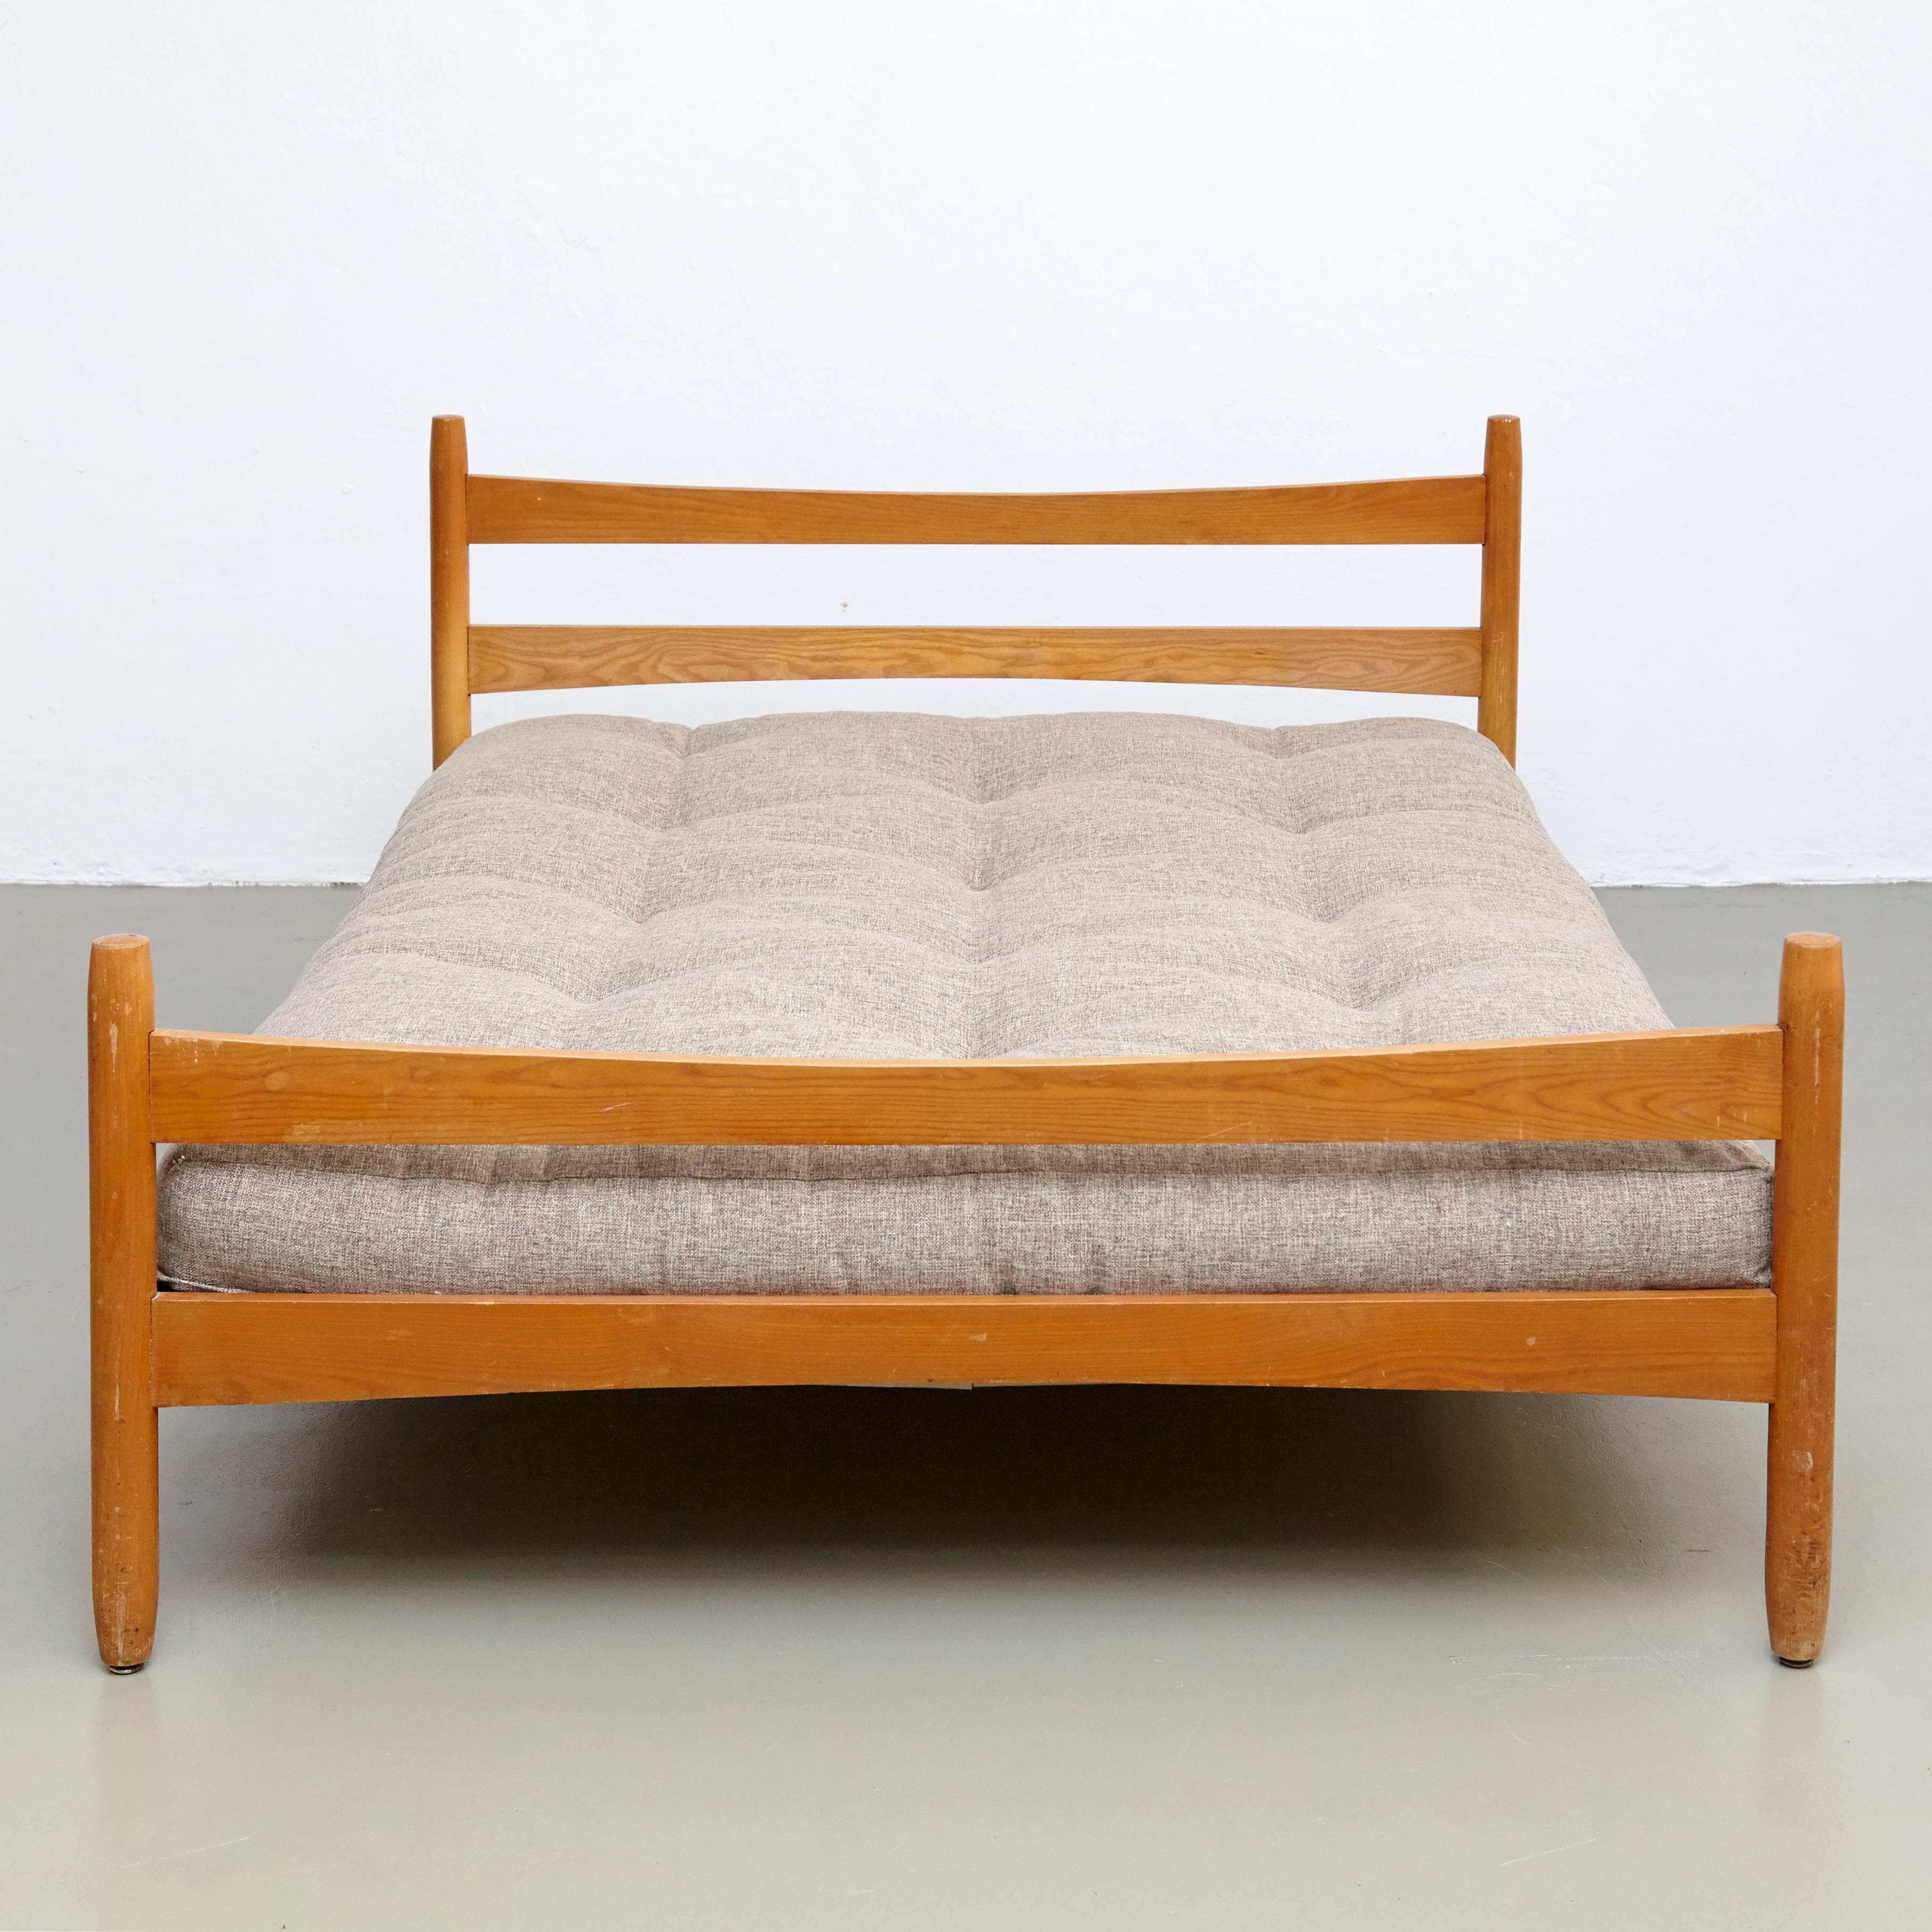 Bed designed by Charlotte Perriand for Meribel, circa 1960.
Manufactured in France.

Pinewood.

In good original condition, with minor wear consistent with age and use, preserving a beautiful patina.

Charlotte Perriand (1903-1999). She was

---

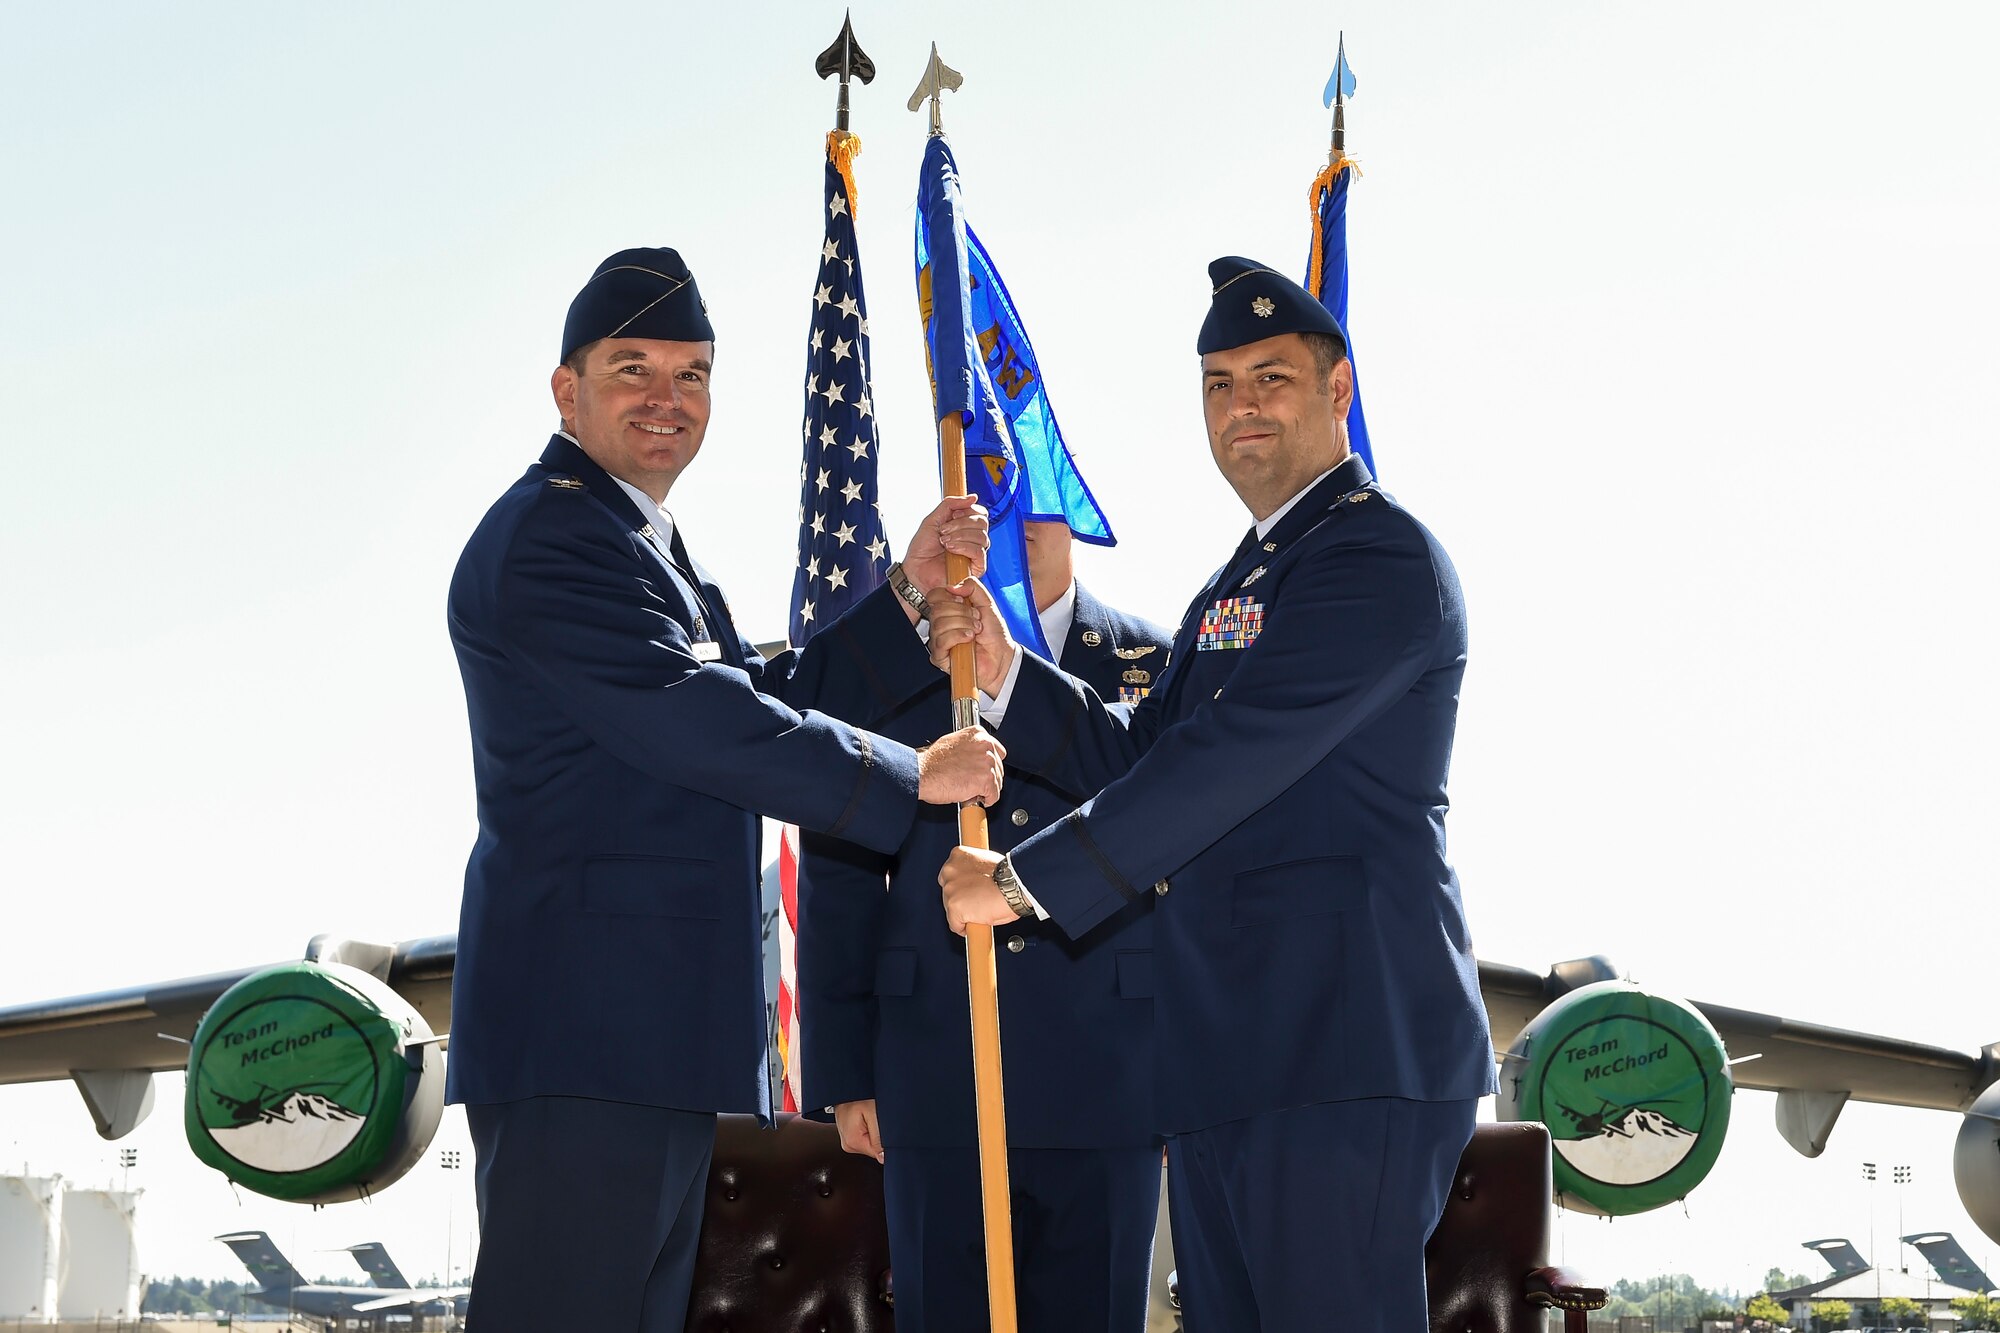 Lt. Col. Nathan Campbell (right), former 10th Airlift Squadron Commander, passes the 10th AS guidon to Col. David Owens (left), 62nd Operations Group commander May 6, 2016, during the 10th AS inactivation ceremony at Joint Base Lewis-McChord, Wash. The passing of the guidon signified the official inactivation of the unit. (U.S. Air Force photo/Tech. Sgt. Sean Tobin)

==

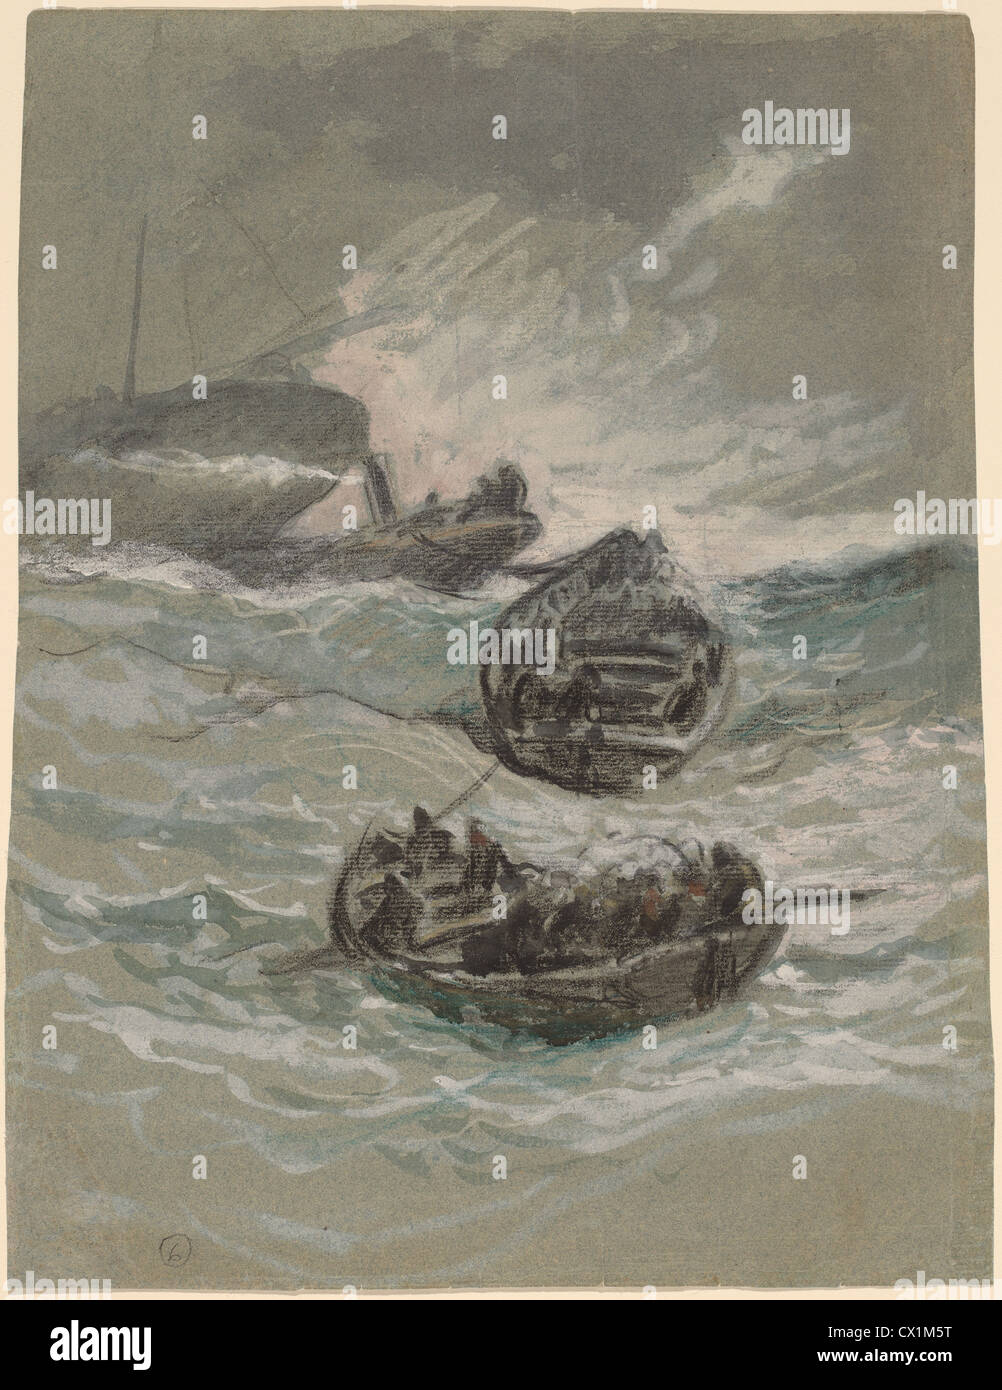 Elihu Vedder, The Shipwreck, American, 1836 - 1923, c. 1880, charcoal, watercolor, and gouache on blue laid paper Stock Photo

Problem: Find the line with "In good original" in the material above. Reproduce it and each line after it up to and including the line with "Charlotte Perriand (1903-1999). She was".

Exercise solution:
In good original condition, with minor wear consistent with age and use, preserving a beautiful patina.

Charlotte Perriand (1903-1999). She was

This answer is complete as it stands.